Of course, no one in the Martinez family knew of James Bergstrom’s past when he rang their doorbell at seven on the Saturday evening following his phone call. Santos opened her front door and saw only a neatly dressed young man smiling at her. “I’m here to pick up Linda,” he said.

Santos called her middle daughter, and a few minutes later, dressed in jeans and a new shirt she bought for the occasion, Linda walked toward the door to meet her blind date. It was, in fact, her first blind date. She was nervous. “I remember having butterflies in my stomach,” she said. She’d actually had second thoughts about the arrangement just that afternoon, but decided she’d made a commitment.
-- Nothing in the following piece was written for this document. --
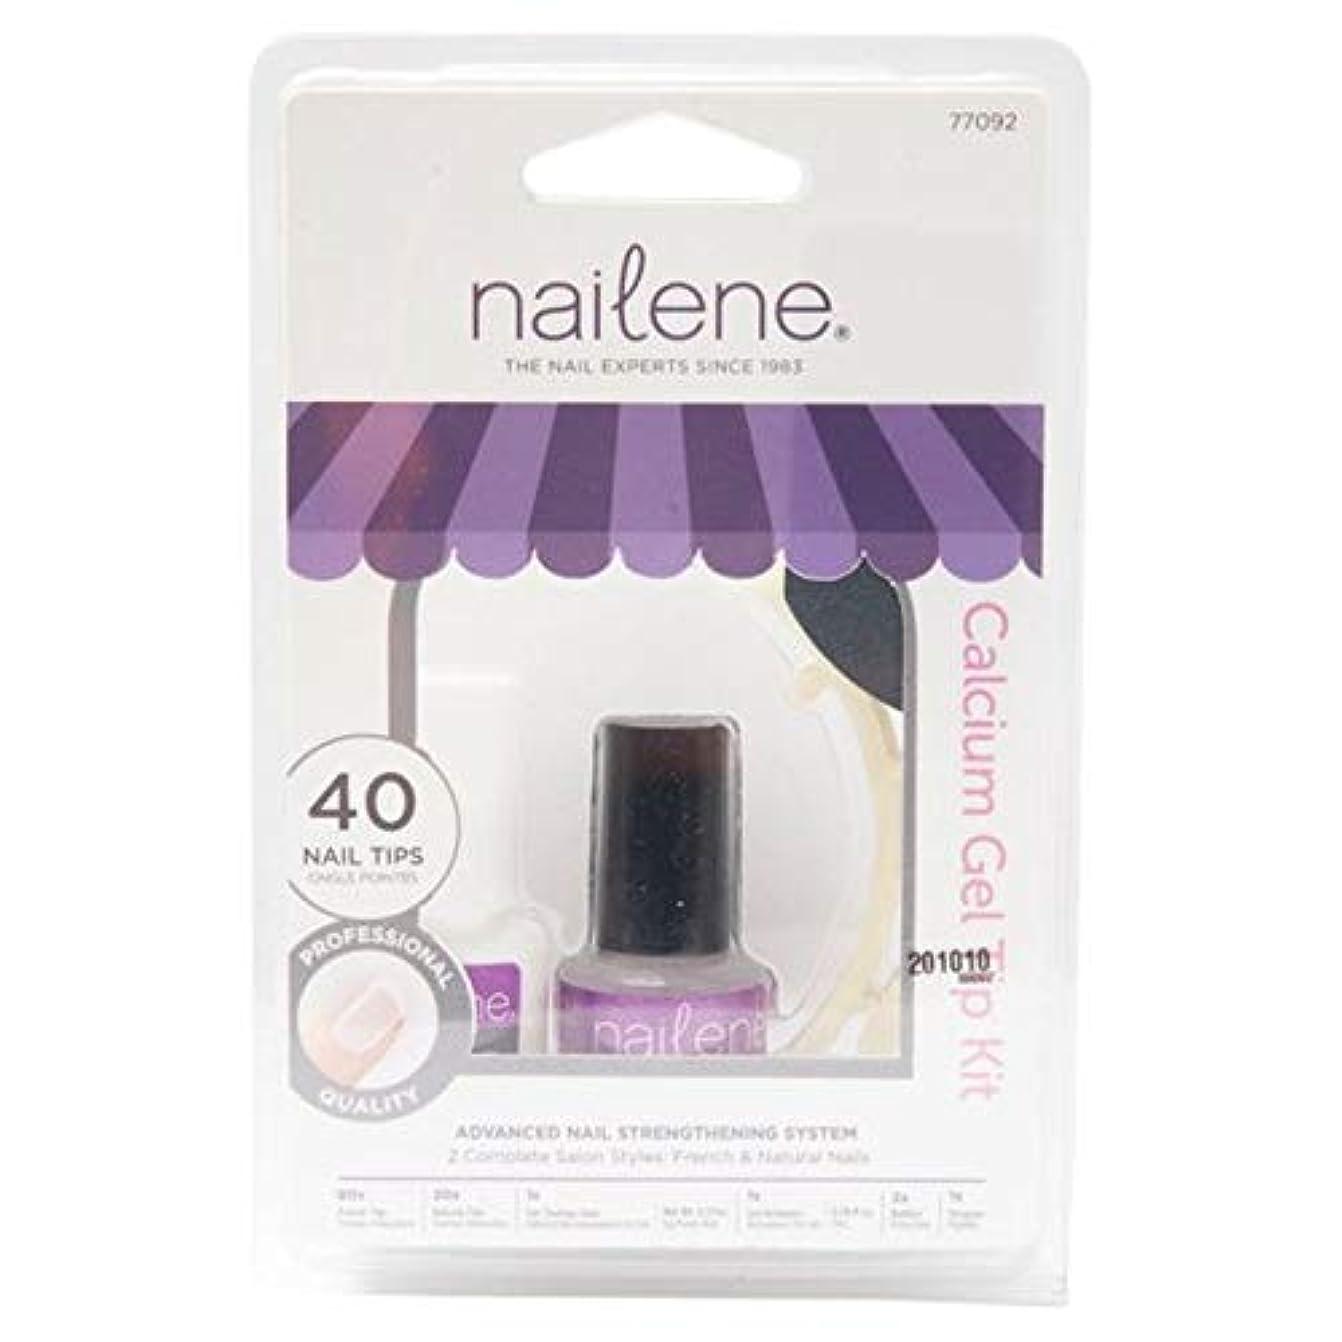 ラフ睡眠フィドル輝く[Nailene] Naileneカルシウムゲルキット77092 - Nailene Calcium Gel Kit 77092 [並行輸入品]

In the doorway, James stood smiling at her. He, too, was dressed casually in a pair of jeans and a white shirt with one red stripe. Linda thought it would probably be all right when she realized he looked as nervous as she felt.

A few minutes later, they were driving toward the freeway in James’s new midnight blue 1983 Custom Deluxe pickup truck, trying to decide where to go. One of them mentioned Bennigan’s, the other agreed, and they were on their way.

In a booth at the restaurant, Linda had her first real look at James. At five ten, he was eight inches taller than she and gaunt, so much so that his clothes hung on him. But James was not unattractive. His dark hair was meticulously combed over his forehead, and his hazel eyes looked back at her warmly.

They were both too nervous to eat, so when the waitress arrived, they ordered only drinks: Linda a frosty frozen margarita, and James a Crown Royal. While they drank, James did most of the talking, much as he had on the telephone. This time the conversation centered around music, especially rock ’n’ roll concerts he had gone to with Eddie and Sam: the Police, Rush, and a dozen others, all the hottest groups. Linda had only been able to afford to attend one such event, a Van Halen concert the year before.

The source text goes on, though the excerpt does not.